Below are some examples of the fallacy of denying the antecedent:
If atheism is true, then I'm wasting my time praying for rain.
Atheism is not true.
So, I am not wasting my time praying for rain.
If acupuncture is quack medicine, then sticking people with needles to relieve pain is absurd.
Acupuncture is not quack medicine.
So, sticking people with needles to relieve pain is not absurd.
If we get greater than chance results from our card-guessing experiment, then telepathy is present.
We did not get greater than chance results from our card-guessing experiment.
So, telepathy is not present.
If he's not sweating, then he's telling the truth.
So, he's not telling the truth.
If the suspect evokes a change in galvanic skin response (from sweating), then he is lying.
The suspect did not evoke a change in galvanic skin response.
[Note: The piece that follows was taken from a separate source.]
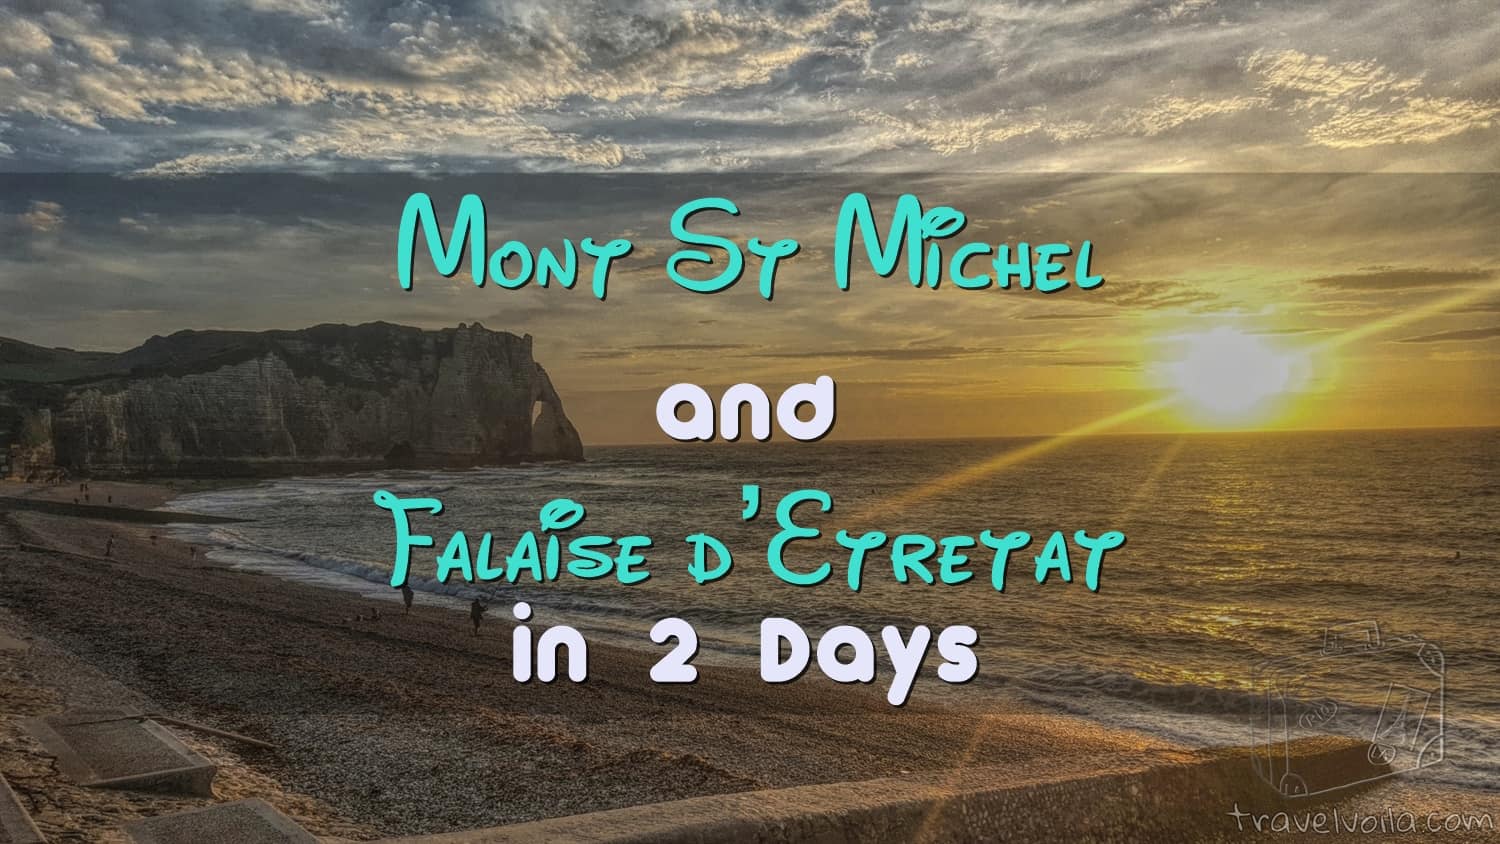 Mont St Michel and Falaise d’Etretat in 2 Days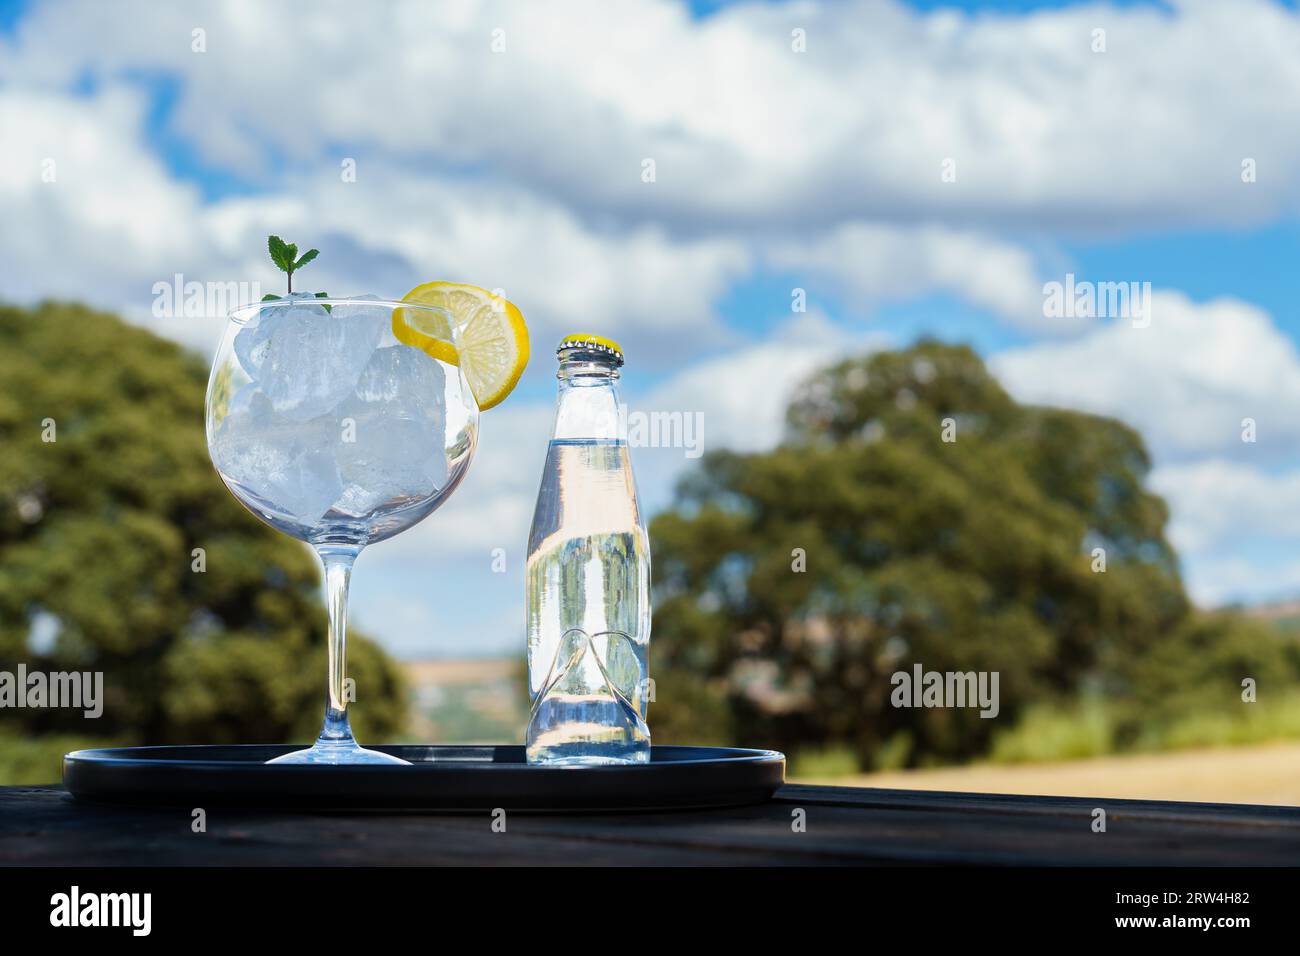 Bottle of tonic with a glass with ice on a black tray and landscape with trees and clouds in the sky out of focus in the background Stock Photo

Therefore, the suspect is not lying.
In each of the above examples of the fallacy of denying the antecedent the premise of the argument may be true but the conclusion does not follow from the premises. The invalidity of these arguments has nothing to do with their content and is due entirely to their fallacious form. A statement not q never follows from the statements if p then q and not p. Even if the premises of a DA argument are true, the conclusion doesn't follow from them. Being fallacious, however, does not mean that the conclusion is false. For example, the following examples of DC have true conclusions:
If President Obama is Muslim, then he is not a Christian.
He is not a Muslim.
So, President Obama is not not a Christian (i.e., he is a Christian).
If President Obama was born in Nigeria, then he is not an American citizen.
He was not born in Nigeria.
So, President Obama is not not an American citizen (i.e., he is an American citizen).